Tuesday, 30 January 2024: 9:30 AM
302/303 (The Baltimore Convention Center)
Hazardous convective weather (HCW; i.e. tornadoes, large hail, and severe wind) is a significant, damaging phenomenon of extreme weather. However, the degree to which HCW distributions will change spatially and temporally during early-season months over the course of the 21st century is unknown, in part associated with the high computational cost of performing global convection-permitting climate model simulations. We used the Weather Research and Forecasting (WRF) Model to conduct convection-permitting (4 km) simulations in order to understand changes in early-season (i.e. January - April) HCW over the continental United States due to anthropogenic climate change.

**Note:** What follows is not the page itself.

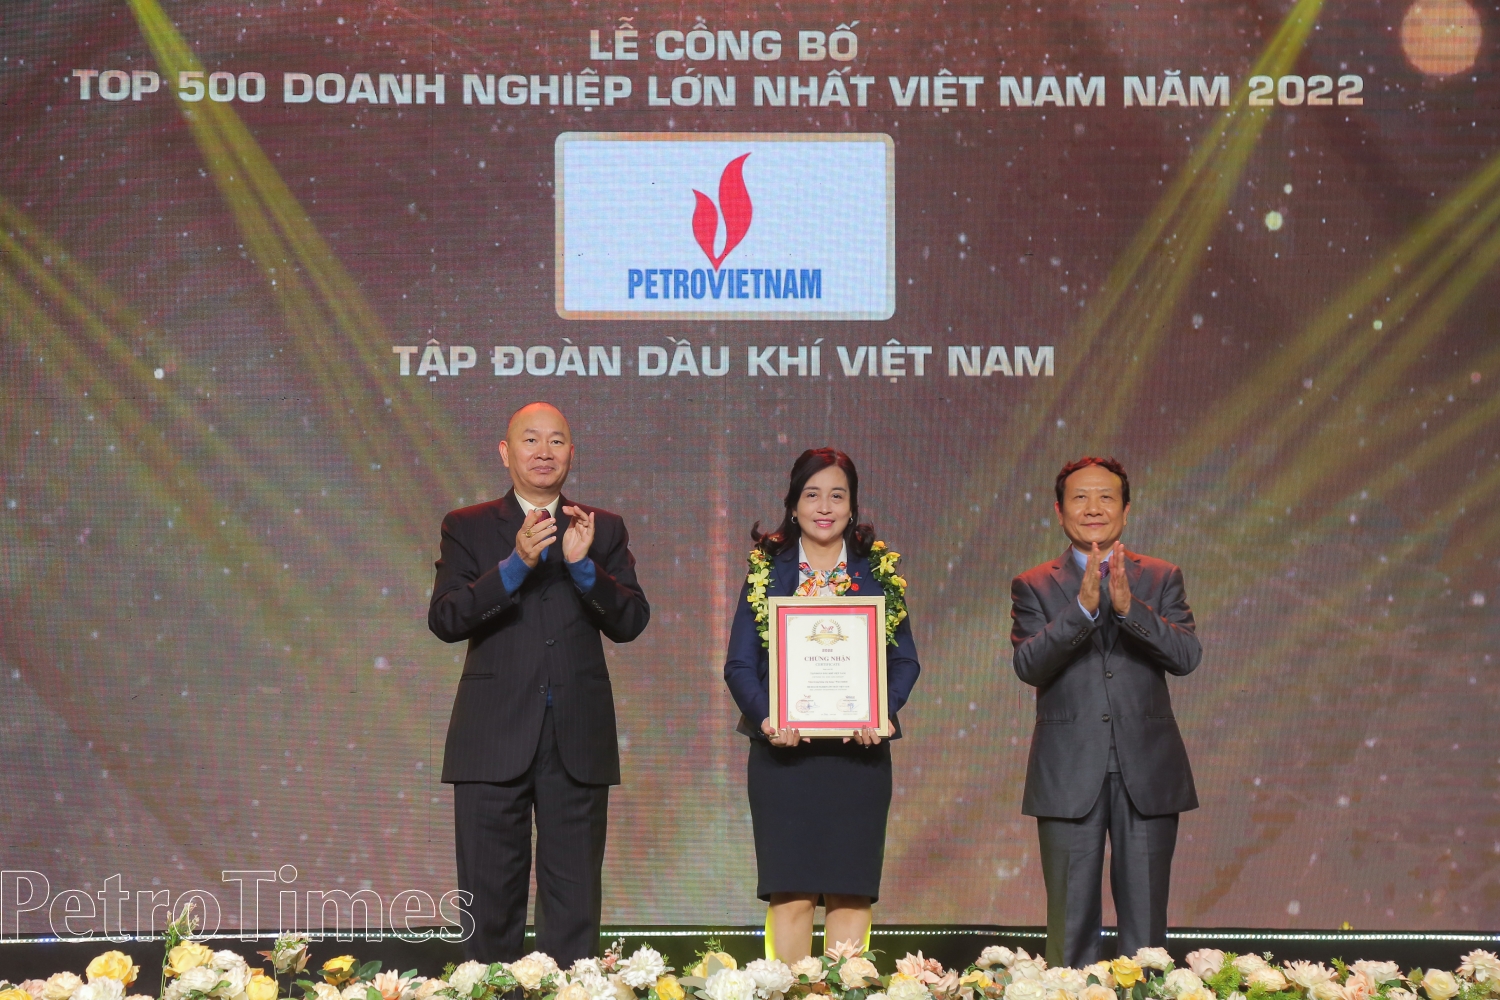 Thiết lập nhiều kỷ lục trong năm 2022, Petrovietnam tiếp tục khẳng định vị thế trong Top 500 doanh nghiệp lớn nhất Việt Nam

Simulations were performed for two ten-year climate epochs: a historical period (1991-2000) and a future period forced by Representative Concentration Pathway 8.5 (2091-2100) to analyze climate change effects on HCW. Changes in HCW were quantified in two ways: through changes in HCW environmental favorability, and through proxies for HCW occurrence (namely, updraft velocity > 18 m/s). HCW environmental favorability, defined by large-scale environmental variables, is found to increase substantially across all months simulated between the historical and future climates, with the greatest absolute increases in April. The increase in environmental favorability is primarily driven by a changing thermodynamic environment, with substantial projected increases in CAPE and CIN (102% increase in CAPE > 500 J/kg; 173% increase in CIN > 100 J/kg), while kinematic profiles (SRH, 0-6 km wind shear) were not projected to change substantially between climate states. Additionally, HCW proxies are also projected to increase between the historical and future climates, both in terms of absolute probability of occurrence and in terms of probability conditional on the presence of a favorable environment. Finally, we utilize a random forest model to test the ability of machine learning to enhance projections from coarser resolution (27 km) simulations of the same climate epochs. If the machine learning model can successfully predict storm-scale variables from coarser resolution data, future computational costs could be reduced by performing coarse resolution global climate simulations and applying machine learning as post-processing to infer information at finer spatial scales.